Figure 2036a shows the historical view of ohmic contact developments in Si(silicon)-based ICs. Ideally, Al (aluminum) would be deposited directly onto Si with perfect interfaces between Al and Si as shown in Figure 2036a (a). Unfortunately, the Si migrates into the Al, resulting in voids formed in the Si as shown in Figure 2036a (b). The Al can subsequently migrate into the formed voids, inducing spiking as shown in Figure 2036a (c). The big spike leads to junction shorts between n+ and p layers. Because the solubility of Si in Al is small (e.g. 0. 5 wt% at 450 °C), low Si doping in Al (1 to 3 wt% Si) suppresses spike formation significantly. However, other problems can occur subsequently, for instance, Al-doped p+ Si can precipitate out or p+ Si epitaxial layer can be formed between the original Si surface and the Al film as shown in Figure 2036a (d). Note that here Al is a p-type of dopants in Si. Furthermore, a challenge is that the formation probability of such epitaxial films is higher for (100)- than for (111)-oriented Si substrates. This can be more severe problem when the contact is scaled further and thus it only contains one or few grains. Note that titanium silicidation generates less silicon vacancies in the silicon substrate than by cobalt silicidation. [1]
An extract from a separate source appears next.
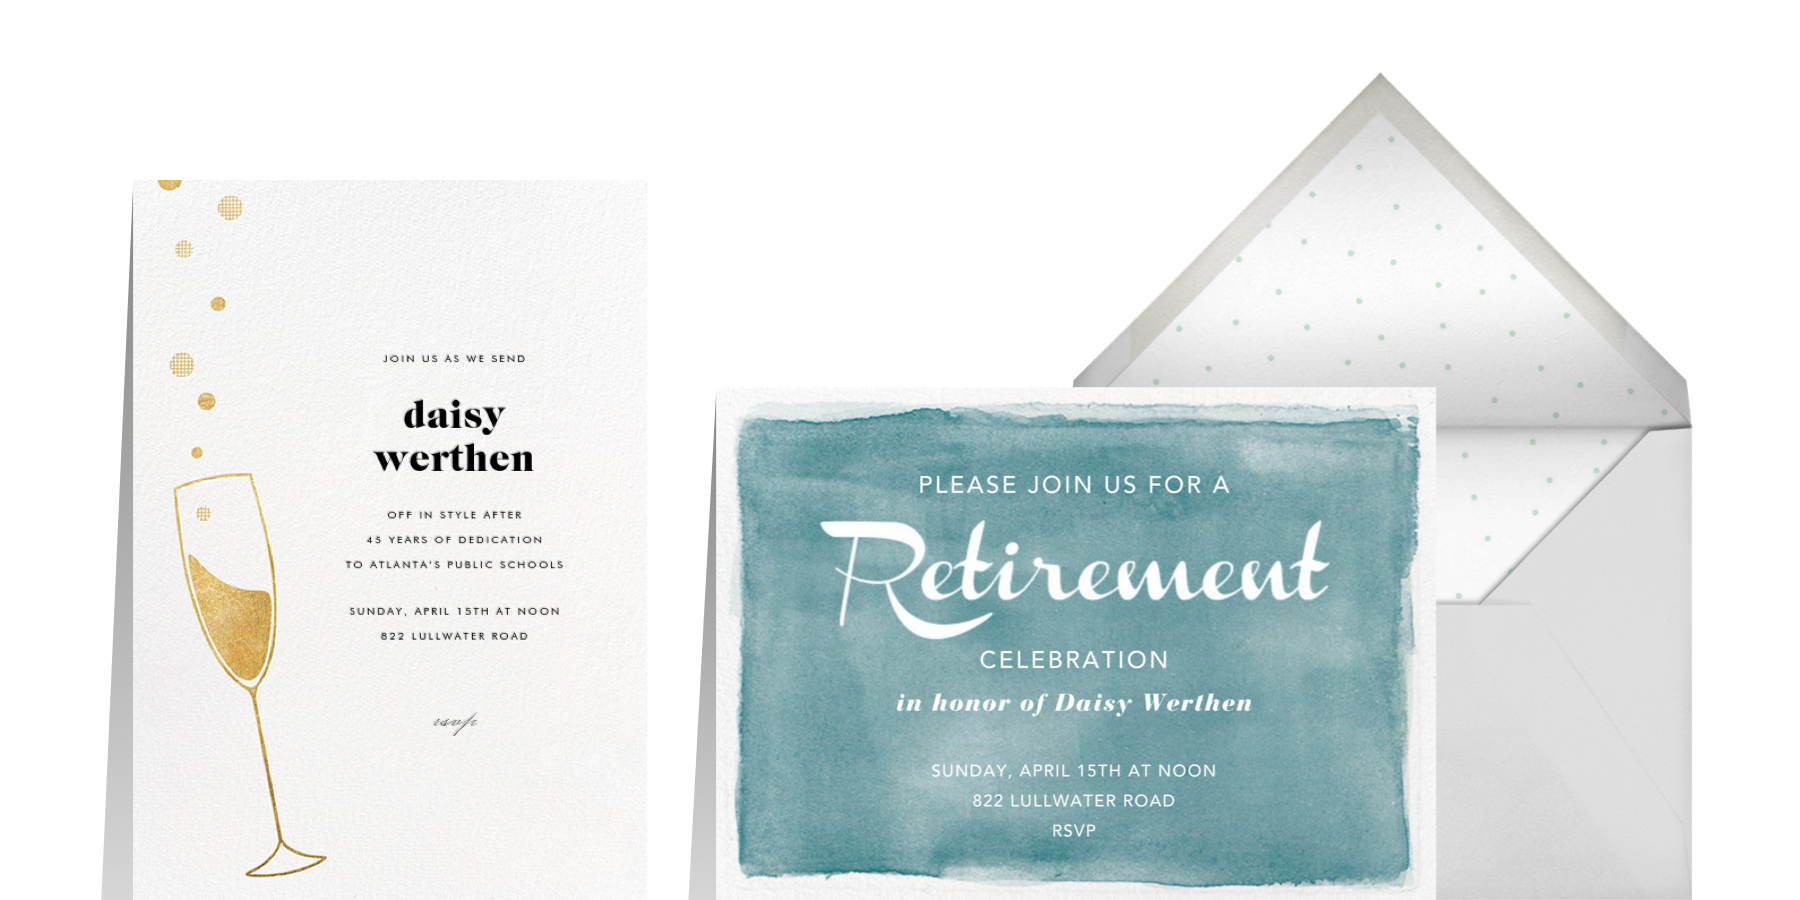 Retirement party invitations

Silicides were introduced to solve the precipitation problem. As shown in Figure 2036a (e), a silicide is formed by depositing a metal onto Si, followed by heating the sample. Here, the Al does not have to be doped with Si. However, the Al above the silicide can still migrate through the silicide along the grain boundaries of the silicide, resulting in formation of Al/Si contacts as shown in Figure 2036a (f). This migration can be enhanced by the high compressive stress in the Al induced by its high CTE than that of Si (CTEAl>> CTESi) at high temperatures. Recently, barrier layers are introduced to address the migration problem as shown in Figure 2036a (g). These barrier layers have the properties of low contact resistance, and good chemical, electrical, and mechanical stabilities.

Historical Development of Ohmic Contacts in Si-based ICs

Figure 2036a. Historical view of ohmic contact developments in Si-based ICs: (a) Al deposited directly onto Si; (b) Voids formed in Si; (c) Al spiking; (d) p+ Si formation; (e) Silicides; (f) Formation of Al/Si contacts; and (g) Barrier layer/silicide.

 

Figure 2036b shows the migration of silicide formation in semiconductor technology development.

Migration of silicide formation in semiconductor technology development

Figure 2036b. Migration of silicide formation in semiconductor technology development.

Refractory metal silicides such as TiSi2, WSi2, TaSi2, and MoSi2 have been widely applied in Si technology because of their low resistivity and high temperature stability. TiSi2 among those silicides shows the lowest electrical resistivity (~12.4 µΩ cm).

Table 2036a. Metallization selections in ICs.

Application
Selection
Gates, interconnection, and
contacts
Polysilicon, refractory metal silicides (e.g. MoSix, TaSix, WSix, and TiSix), nitrides,aluminum, copper, and/or refractory metals.
Diffusion barrier layer
Ti, TiN, Ta, TaN, Ti-W alloy, and/or silicides
Top level
Aluminum, and/or copper
Metallization on silicon
Silicides, tungsten, aluminum, and/or copper

In high k dielectric MOS structures in ICs, the metal gate oxides must not react with Si (silicon) to form either SiO2 or a silicide,

         MO2 + Si = M + SiO2 ------------------------------- [2036a]
         MO2 + 2Si = MSi + SiO2 ------------------------------- [2036b]

where,
         M -- The metal element.

Chemical reaction Equation 2036a results in a SiO2 layer that has a lower dielectric constant than the high k material. Equation 2036b forms a silicide, resulting in electrical short failure.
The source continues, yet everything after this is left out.